# NLP (Coreference Resolution) Preparatory Reading Note
###### tags: `NLP` `Coref Resolution`
## List of Preparatory Reading Materials
Current preparatory reading material for beginners in Natural Language Processing (NLP) given a background in basic Machine learning (ML). Note that mentioned reseach papers are intended for people looking to work on coreference resolution, but may covers basic concepts for all of NLP.
### Textbooks
- [**Speech and Language Processing**](https://web.stanford.edu/~jurafsky/slp3/), Dan Jurafsky and James H. Martin, *3rd ed.*
### Reseaches
- [**End-to-end Neural Coreference Resolution**](https://www.aclweb.org/anthology/D17-1018/), Lee et al., 2017.
- [**Higher-order Coreference Resolution with Coarse-to-fine Inference**](https://www.aclweb.org/anthology/N18-2108/), Lee et al., 2018.

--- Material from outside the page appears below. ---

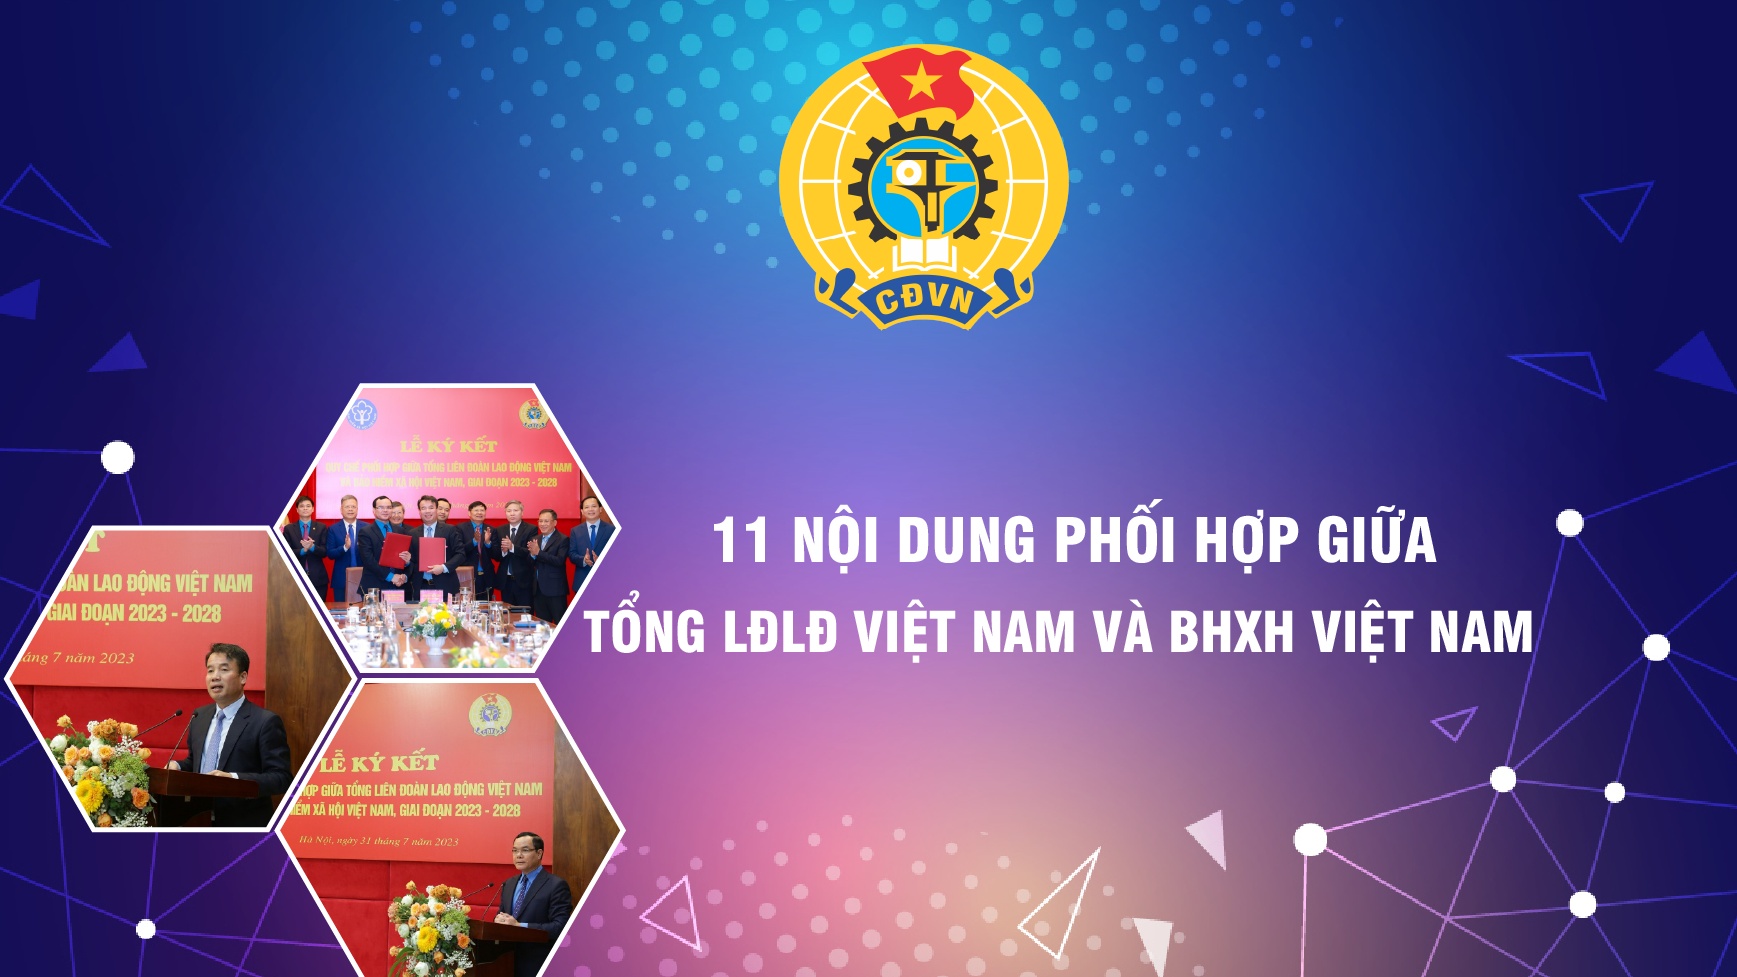 11 nội dung phối hợp giữa Tổng LĐLĐ Việt Nam và BHXH Việt Nam

- [**BERT for Coreference Resolution: Baselines and Analysis**](https://www.aclweb.org/anthology/D19-1588/), Joshi et al., 2019.
## Reading Note
### Vector Representations and Embedding
Detailed summary note: [**Vector Representations and Embedding**](https://hackmd.io/@bachnguyenTE/NLP_embeddings).
---
### Deep Learning Architectures for Sequence Processing
Detailed summary note: [**Deep Learning Architectures for Sequence Procesing**](https://hackmd.io/@bachnguyenTE/ML_SequenceProc).
---
### Machine Translation and Encoder-Decoder Models
Detailed summary note: [**Machine Translation and Encoder-Decoder Models**](https://hackmd.io/pBHKp0LNTWa8cEx_pwpi_w)
---
### Constituency Grammars
Detailed summary note: [**Constituency Grammars**](https://hackmd.io/@bachnguyenTE/consti_grammars)
---
### Coreference Resolution
From [**Chapter 22: Coreference Resolution**](https://web.stanford.edu/~jurafsky/slp3/22.pdf) in **Speech and Language Processing**, Dan Jurafsky and James H. Martin, *3rd ed.*
#### Introduction to Coreference Resolution
> ++Albert Einstein++ was a ++German-born theoretical physicist++ who developed the theory of relativity, one of the two pillars of modern physics. ++His++ work is also known for its influence on the philosophy of science.

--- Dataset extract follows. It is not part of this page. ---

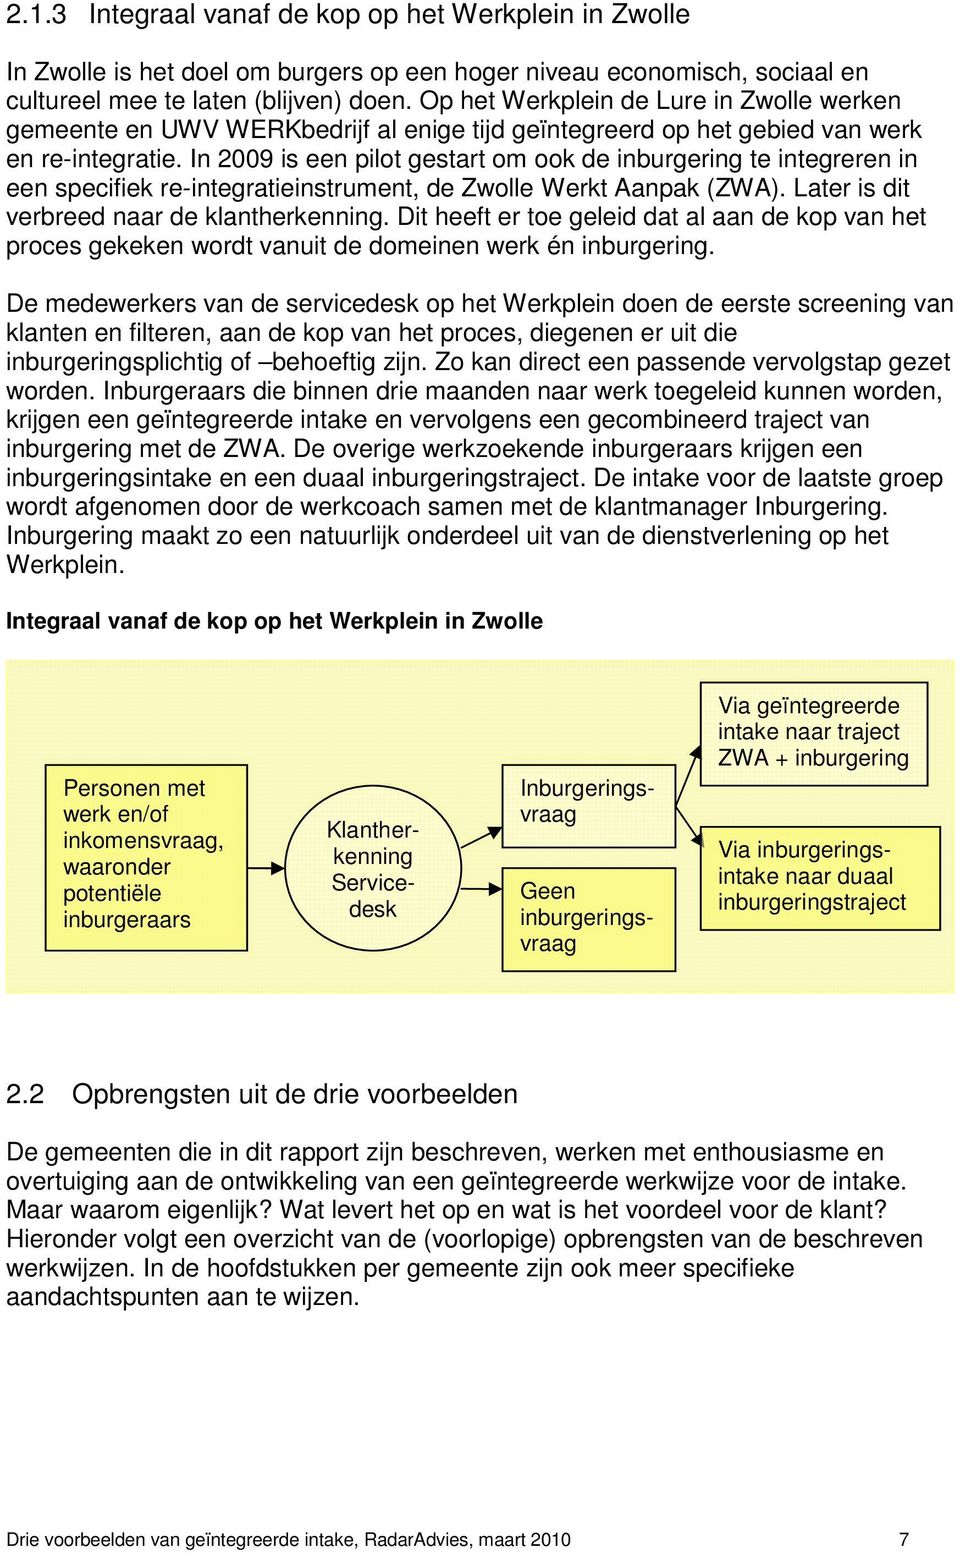 In 2009 is een pilot gestart om ook de inburgering te integreren in een specifiek re-integratieinstrument, de Zwolle Werkt Aanpak (ZWA). Later is dit verbreed naar de klantherkenning.

- Linguistic expressions such as *Albert Einstein* or *his* are called **mentions** or **referring expressions**, and the discourse entity that is referred to (Albert Einstein) the **referent**.
- Two or more referring expressions that are used to refer to the same discourse entity are said to **corefer** (such as *Albert Einstein* and *his*).

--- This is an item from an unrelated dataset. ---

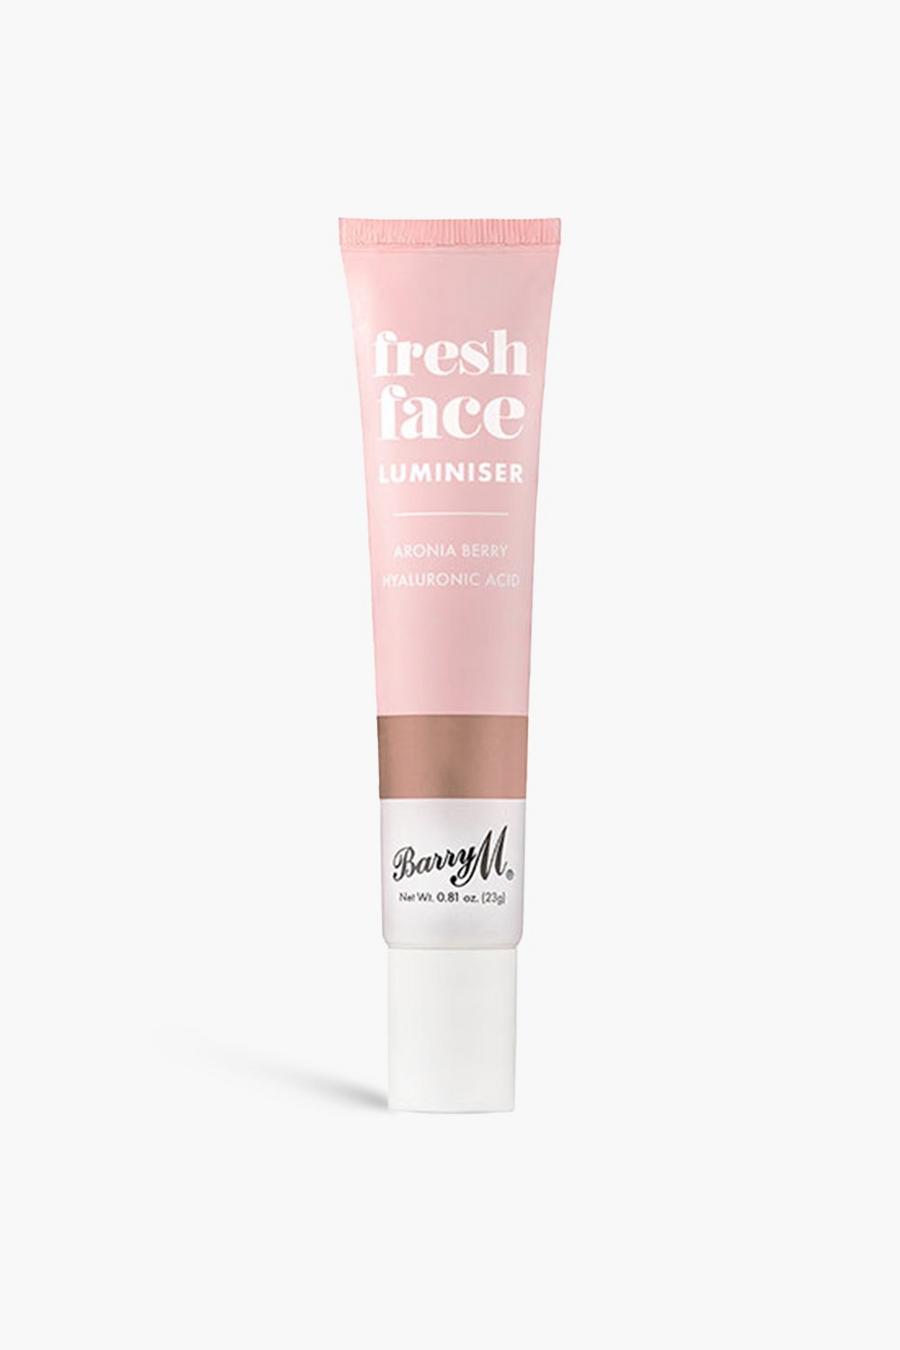 Rose Barry M Fresh Face Luminiser

- A **discourse model** is a mental model that the system (or a human hearer) builds incrementally as it interprets a text;
- A model contains representations of the entities referred to in the text, as well as the properties of the entities and relations among them.
- When a referrent is first mentioned in a discourse, a representation for it is **evoked** into the model. Upon subsequent mention, this representation is **accessed** from the model.
- Reference in a text to an entity that *has been previously introduced* into the discourse is called **anaphora**,
- The referring expression used is said to be an **anaphor**/anaphoric.
- The anaphor corefer with a prior mention that is called the **antecedent**,
- Not every referring expression is an antecedent. An entity that has only a single mention in a text is called a **singleton**.
- **Coreference resolution** is the task of determining whether two mentions *corefers*, by which we mean they refer to the same entity in the discourse model (the same *discourse entity*).
- The set of corefering expressions is often called a **coreference chain** or a **cluster**.
- **Entity linking**, or *entity resolution*, is the task of mapping a discourse entity to some real-world individual.
---
### End-to-end Neural Coreference Resolution
- The approach mentioned in the paper does not require existing resources such as syntactic parsers.
- *Syntactic parsing* (what is it?) as input to hand-engineered mention proposal algorithms are not needed.
- Their solution is an end-to-end neural net that learn both which spans are entity mentions and how to best cluster them.
- The model is a span-ranking and optimizing system that consider a space of all spans (up to a length) and determine if any span is a likely antecedent to another.
- *Span-ranking* model that determine if any of the previous span is a good antecedent.
- The core of the model are therefore vector embeddings representing spans of text in a document.
- Scoring all span pairs in the model is impractical due to the sheer number of spans.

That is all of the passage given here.